* [Material provided]:
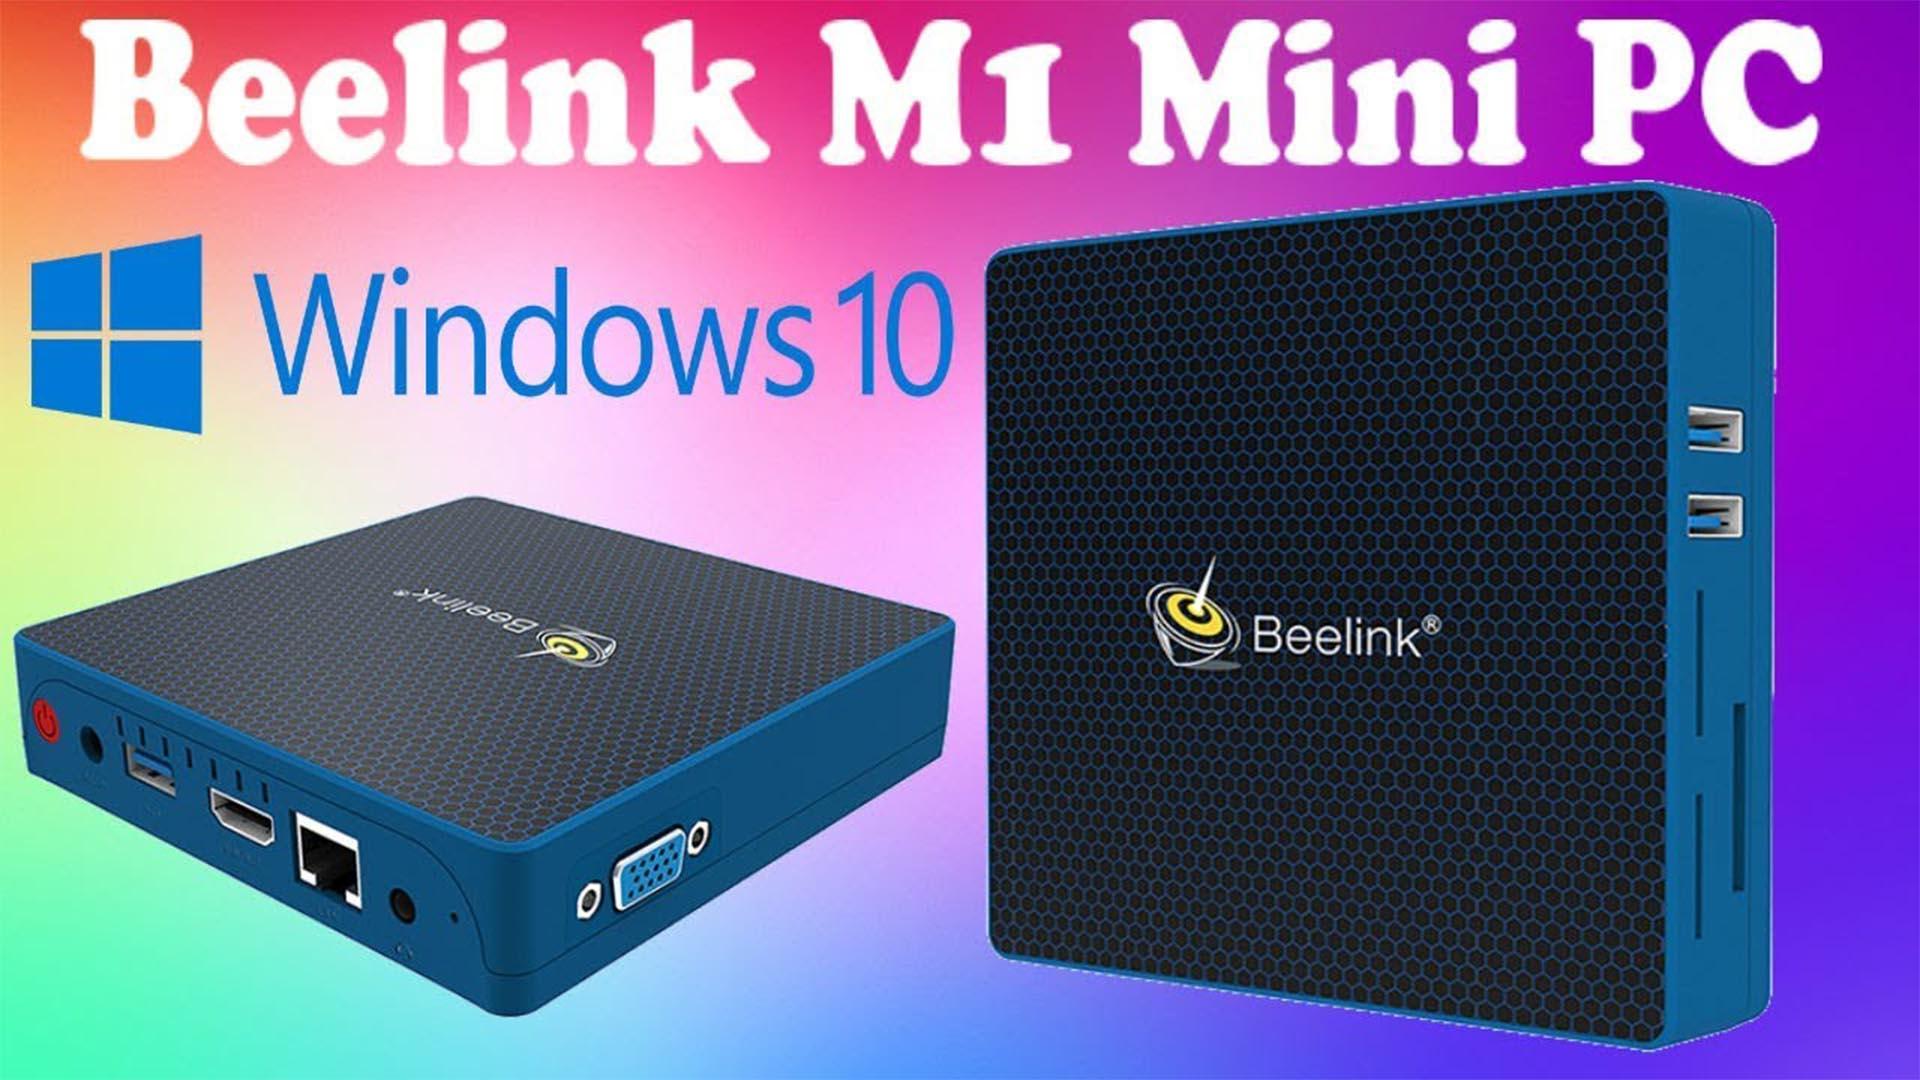 Beelink M1
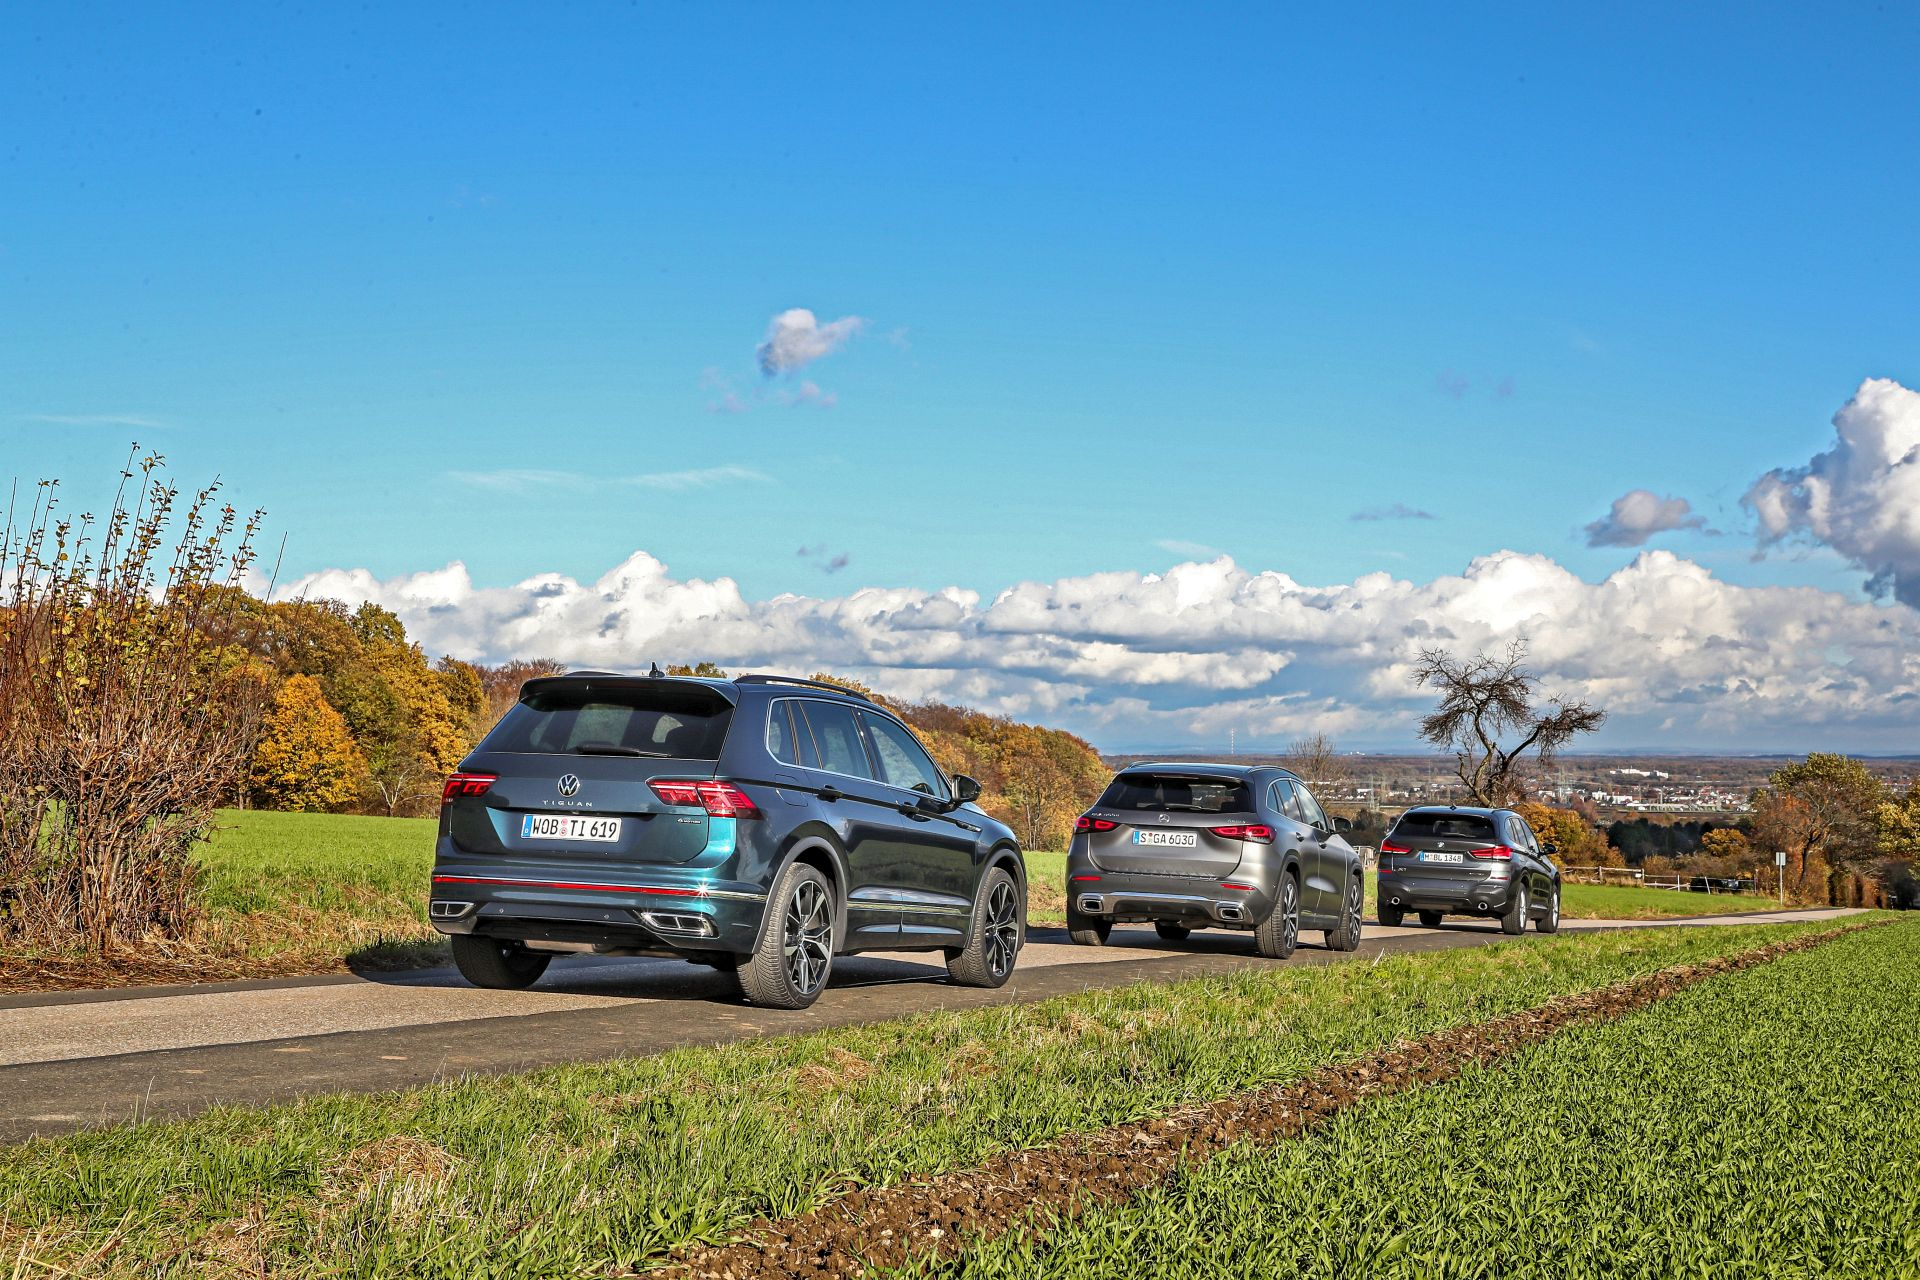 Mercedes_GLA_VW_Tiguan_BMX_X1_1120_Gotta_19
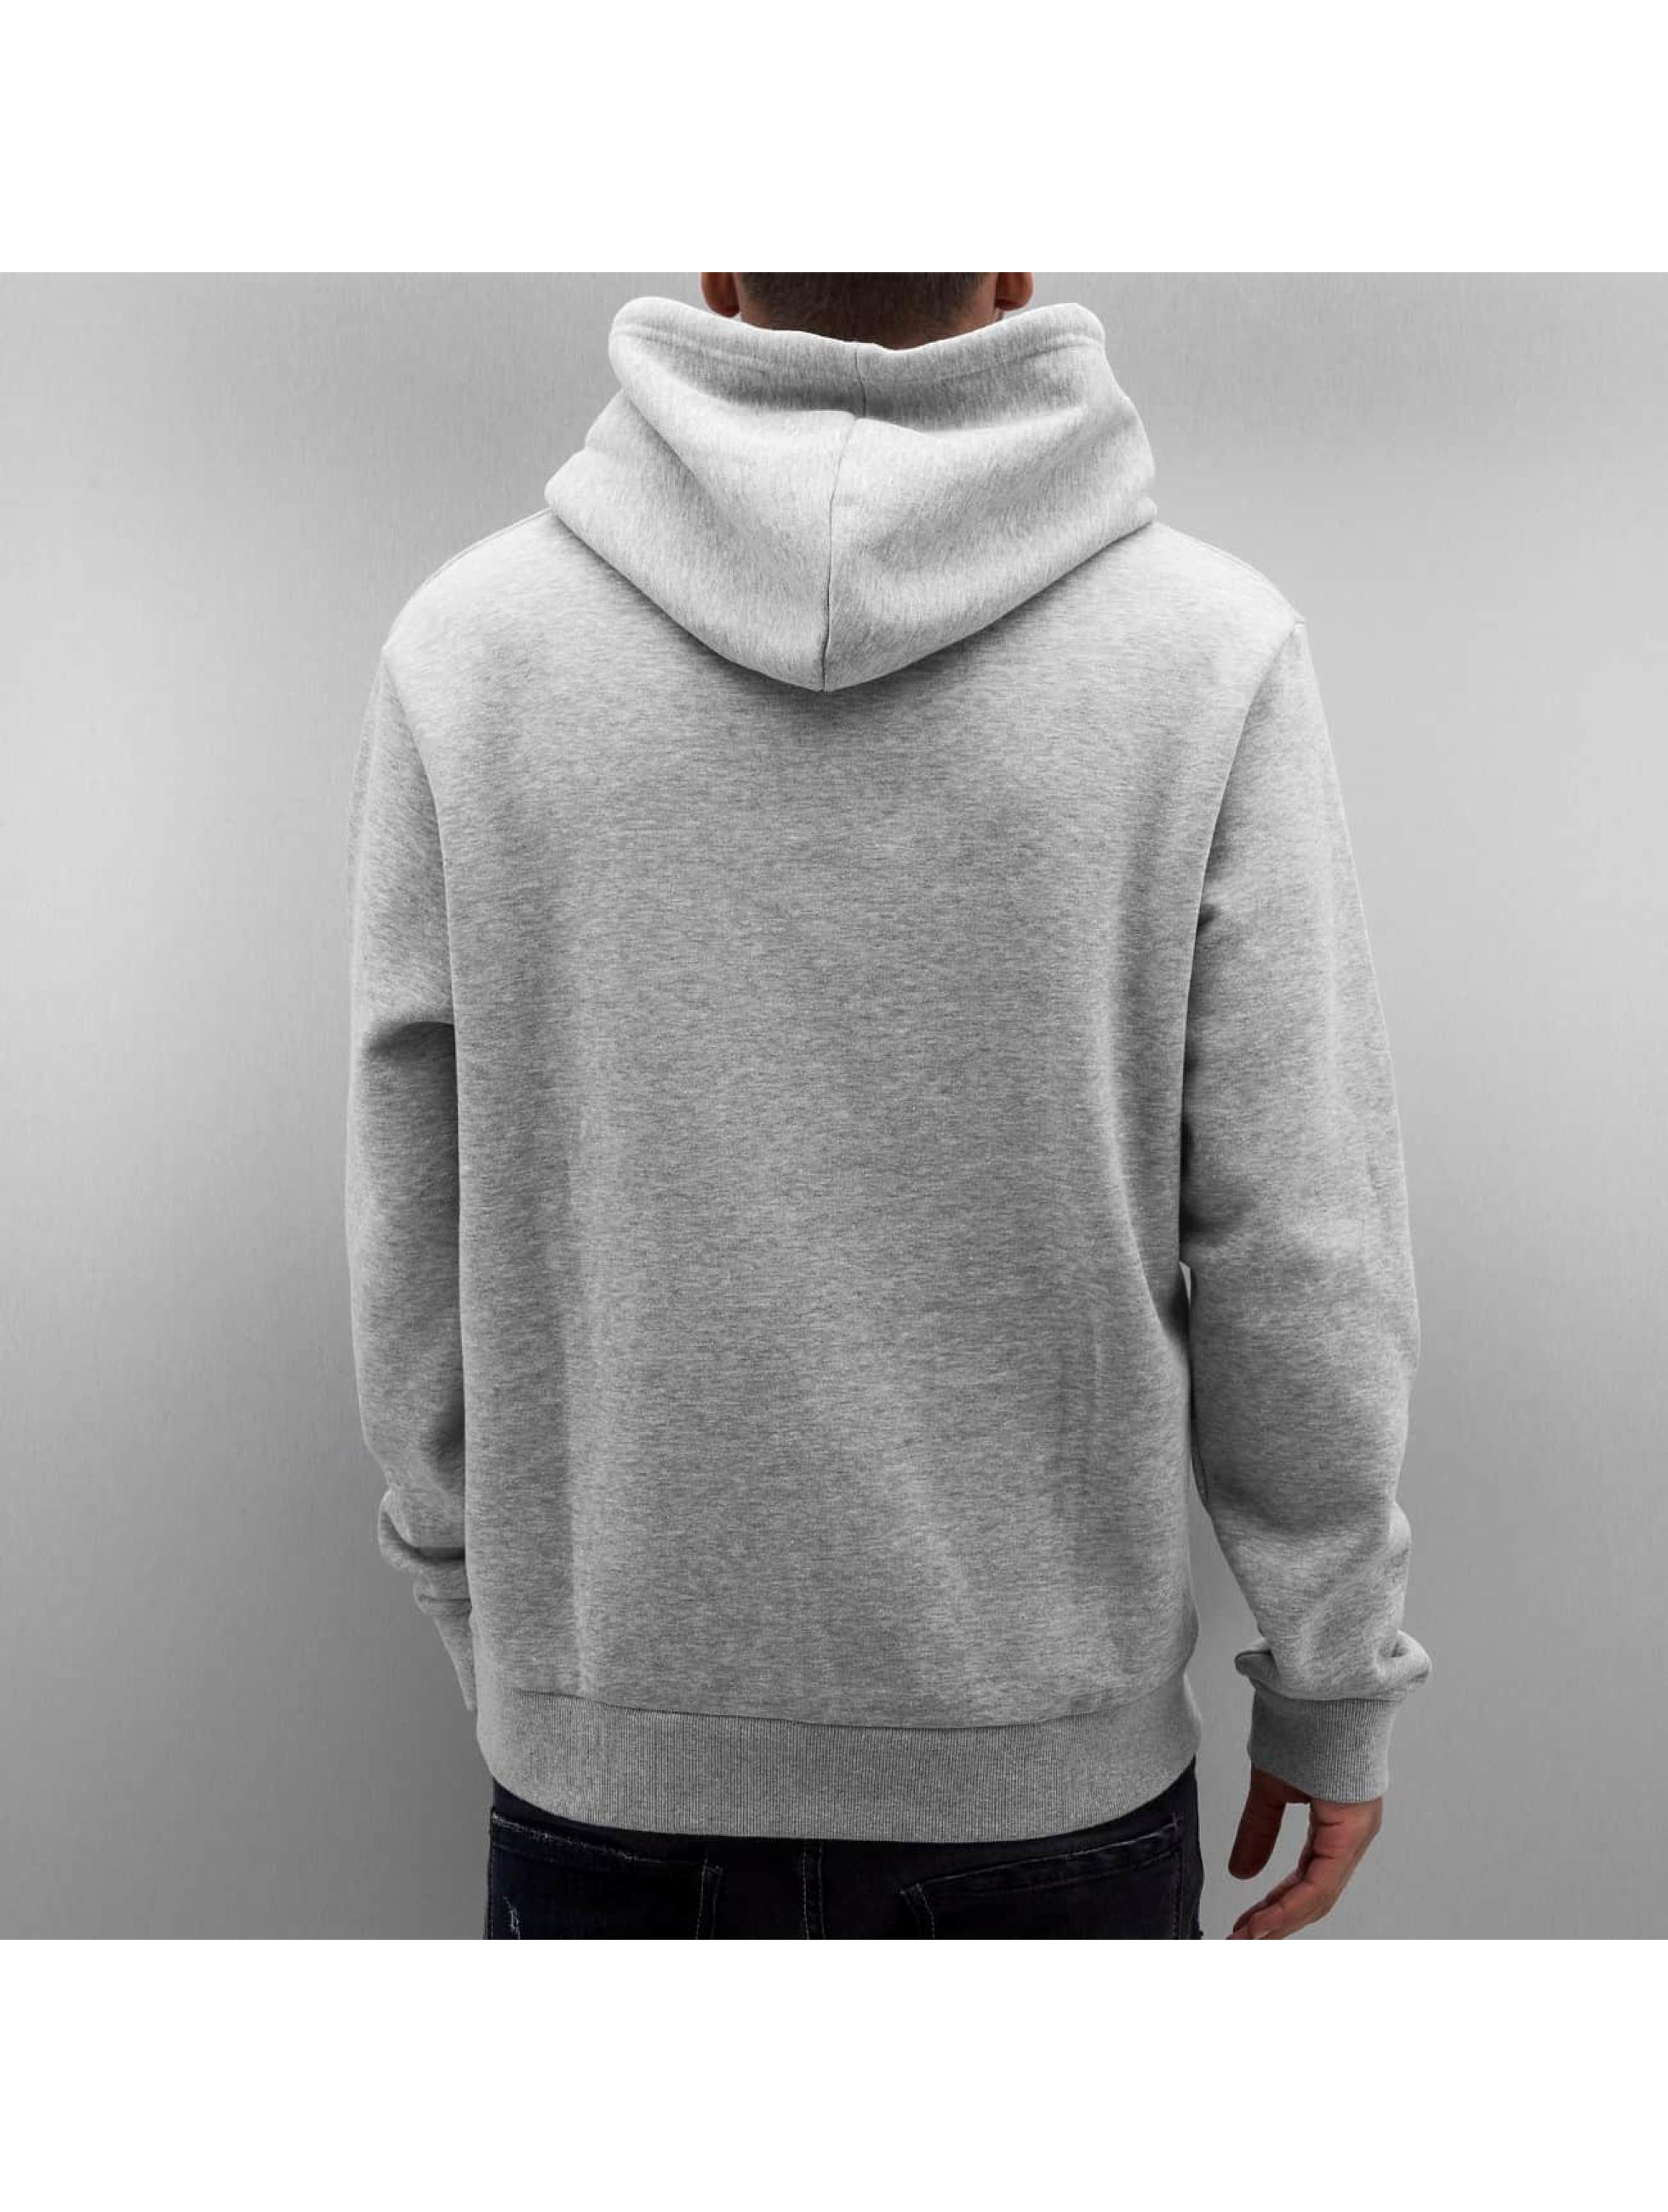 Rocawear Hoodie Fleece gray

* [Work task]: Please repeat the data above exactly as it appears, pictures excluded.

* [Solution to this problem]:
 Beelink M1
 Mercedes_GLA_VW_Tiguan_BMX_X1_1120_Gotta_19
 Rocawear Hoodie Fleece gray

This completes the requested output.